## TASK INSTRUCTIONS:
Would you transcribe the listing that follows, character for character, and omit its images?

## GIVEN MATERIAL:

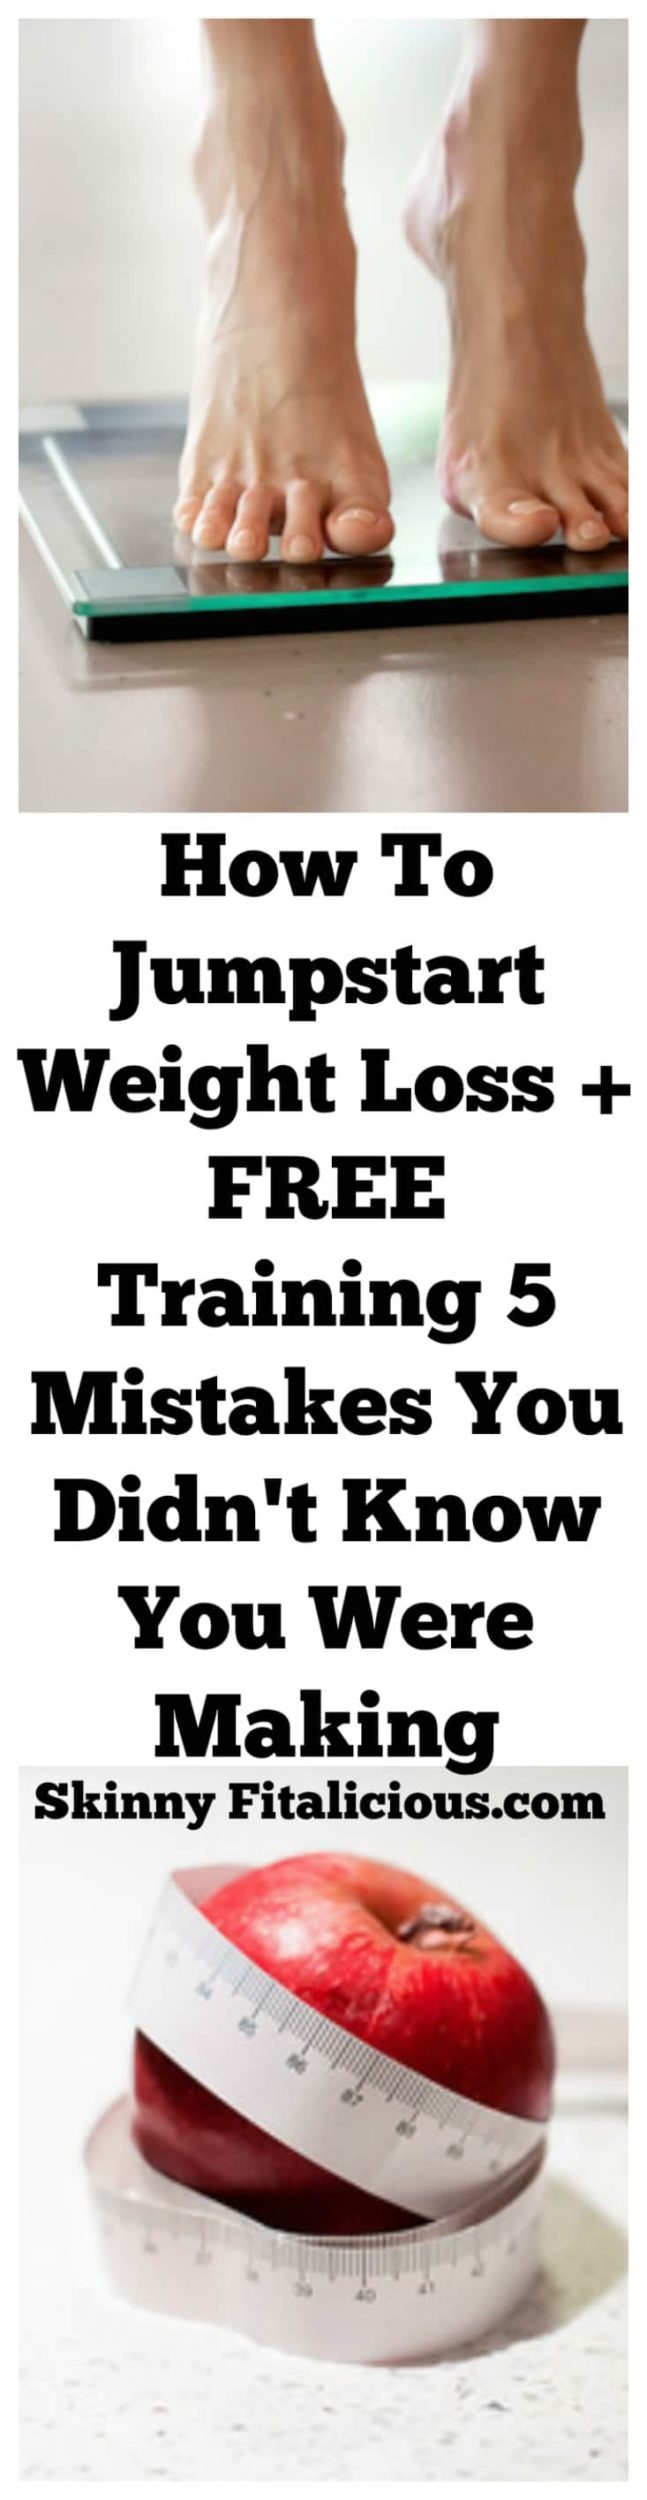 Are you trying to lose weight? Here's how to Jump Start Weight Loss plus a FREE training on 5 weight loss mistakes you didn't know you were making!
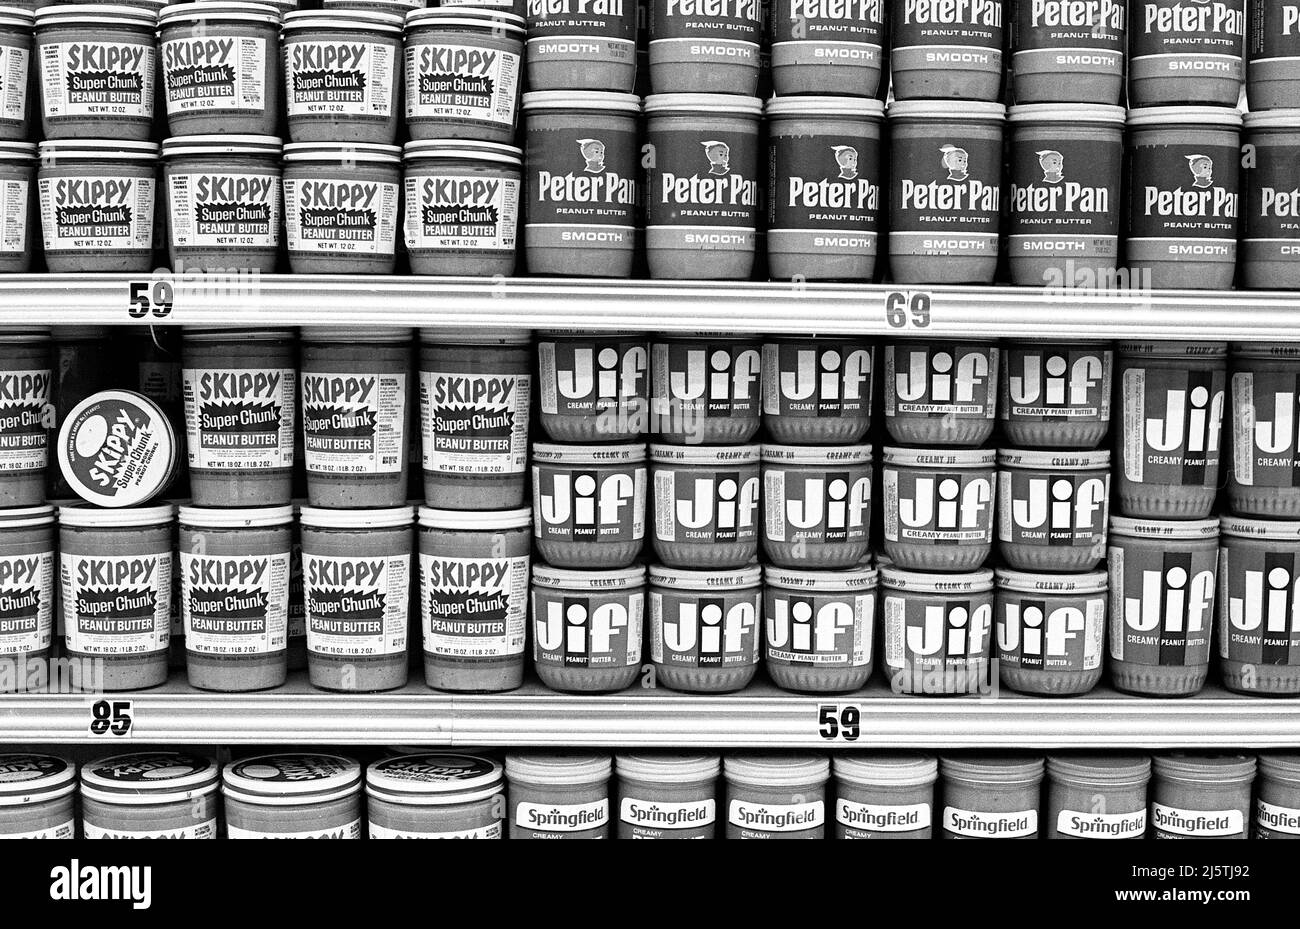 Classic brands of peanut butter on a shelf in supermarket circa 1970s. Stock Photo
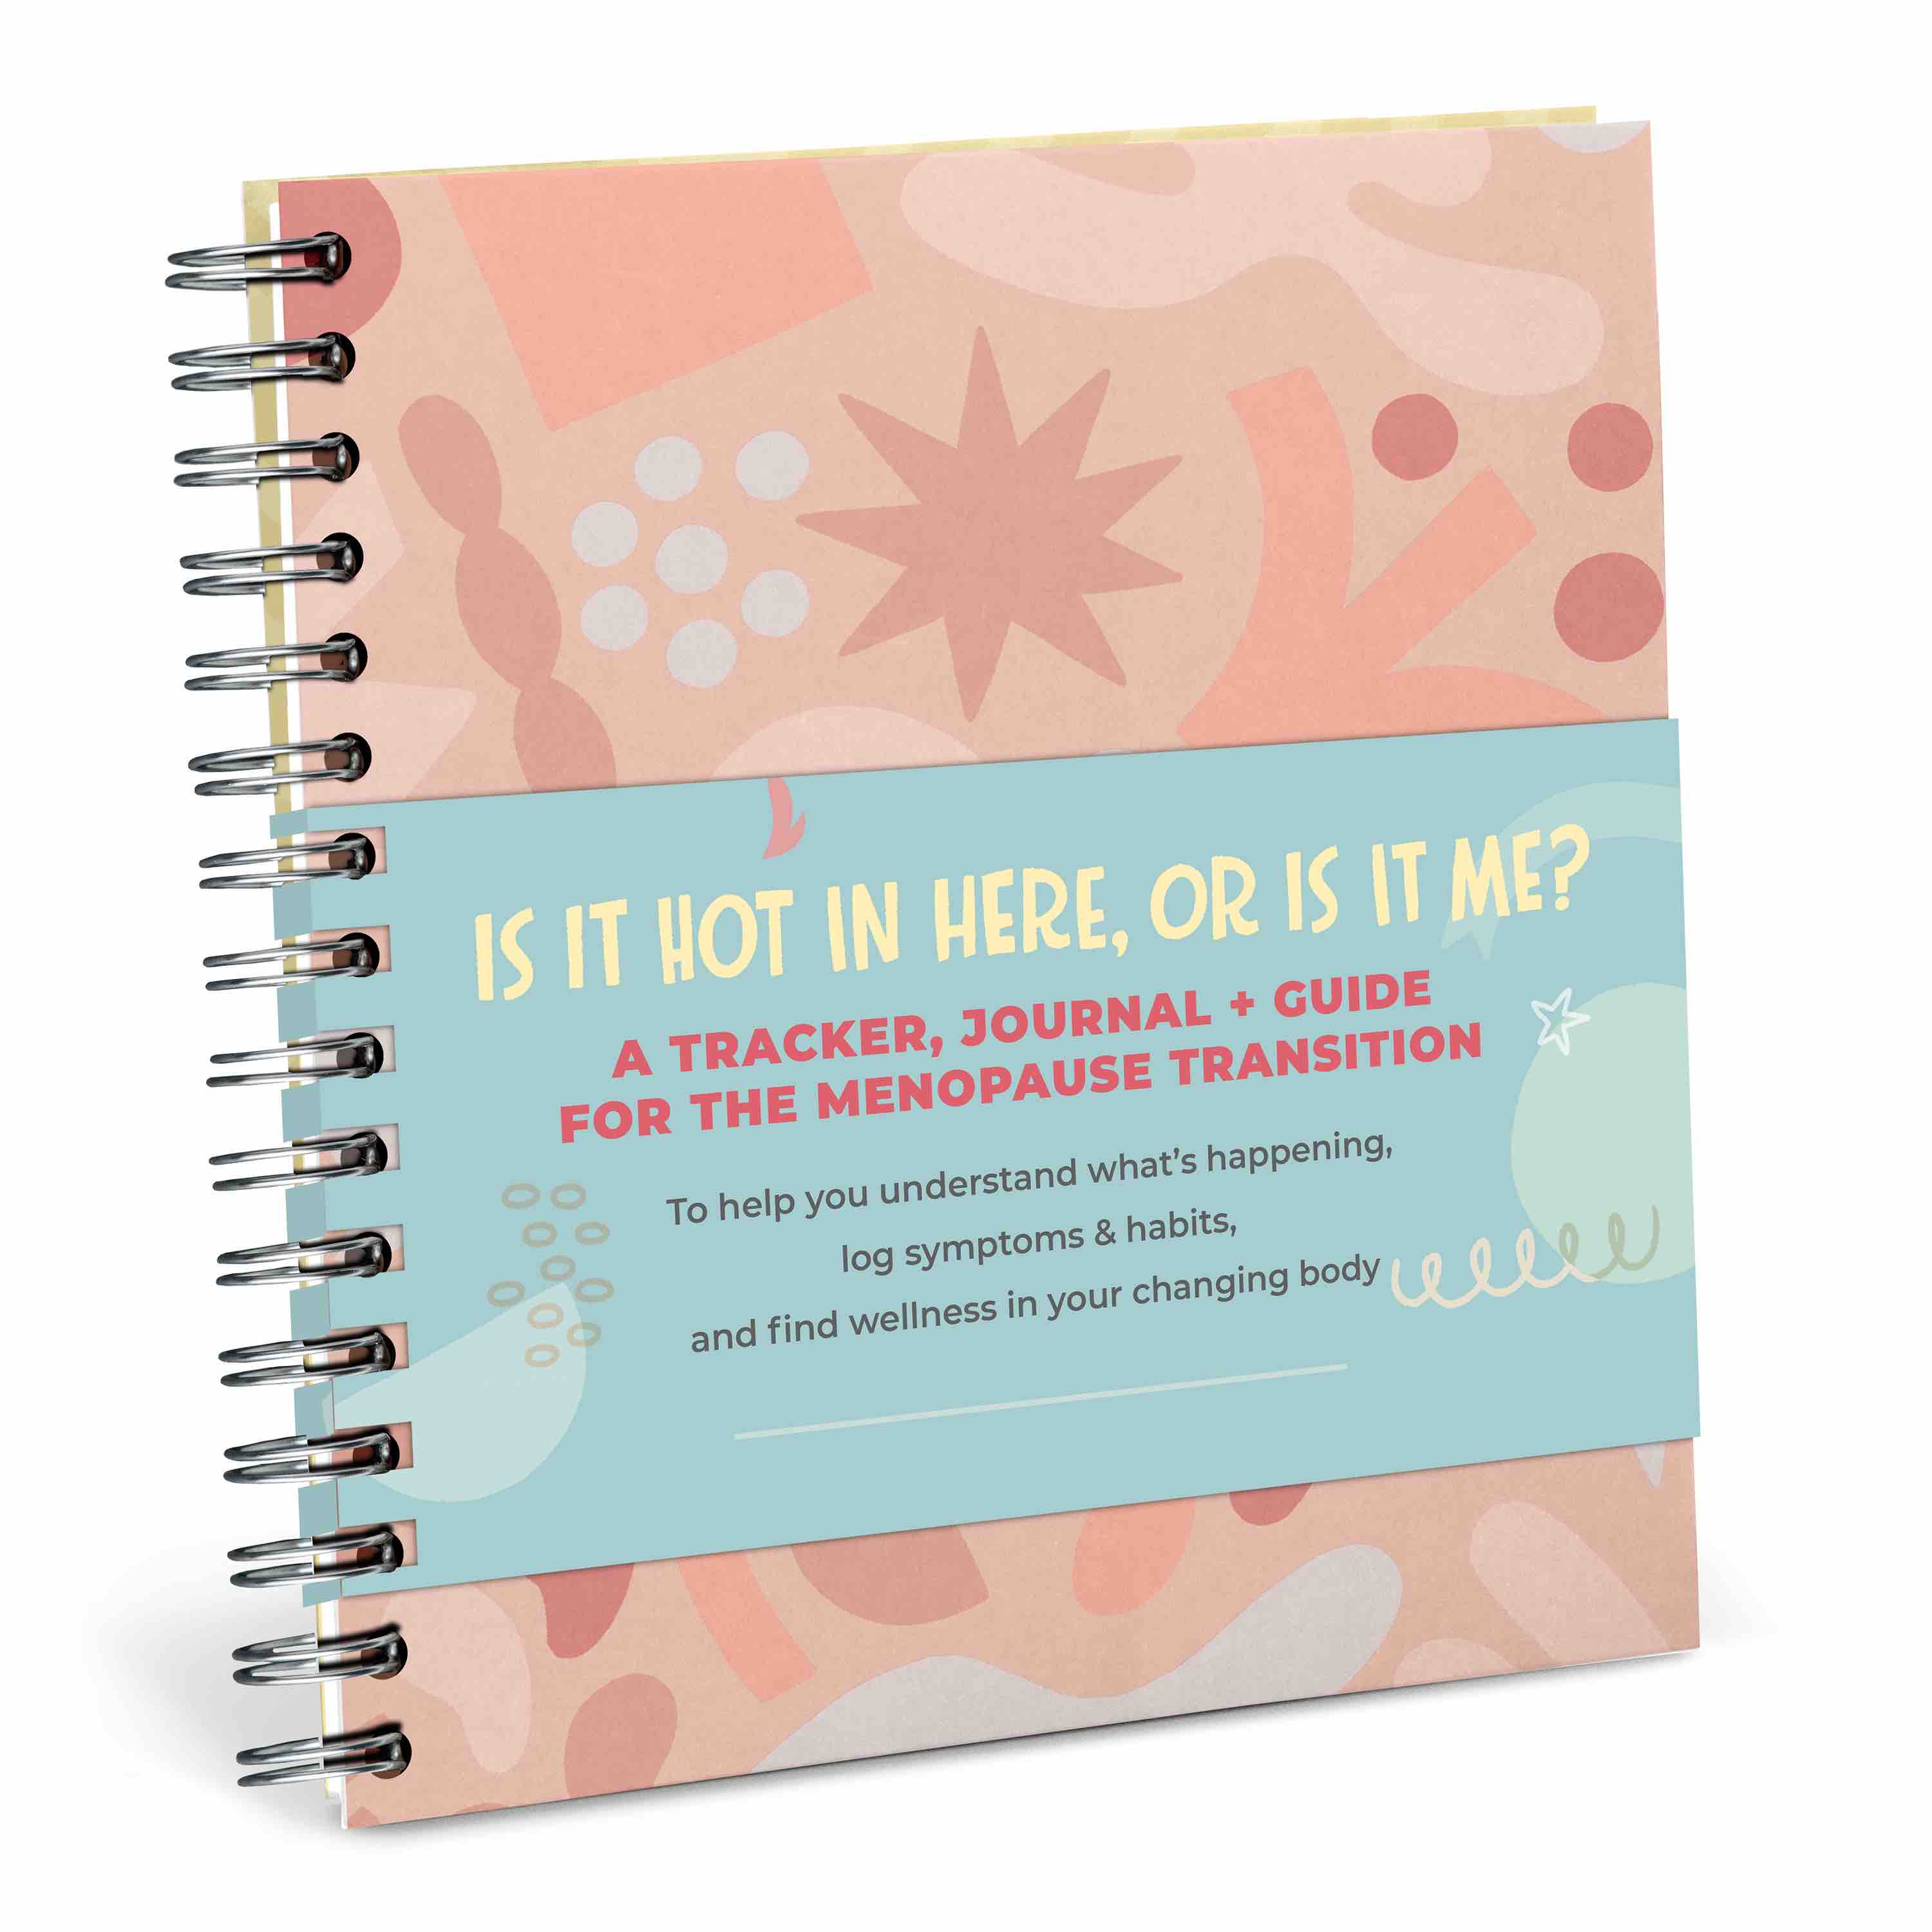 Is It Hot in Here, Or Is It Just Me? A Tracker, Journal + Guide for the Menopause Transition

## ANSWER FOR THE TASK:
 Are you trying to lose weight? Here's how to Jump Start Weight Loss plus a FREE training on 5 weight loss mistakes you didn't know you were making!
 Classic brands of peanut butter on a shelf in supermarket circa 1970s. Stock Photo
 Is It Hot in Here, Or Is It Just Me? A Tracker, Journal + Guide for the Menopause Transition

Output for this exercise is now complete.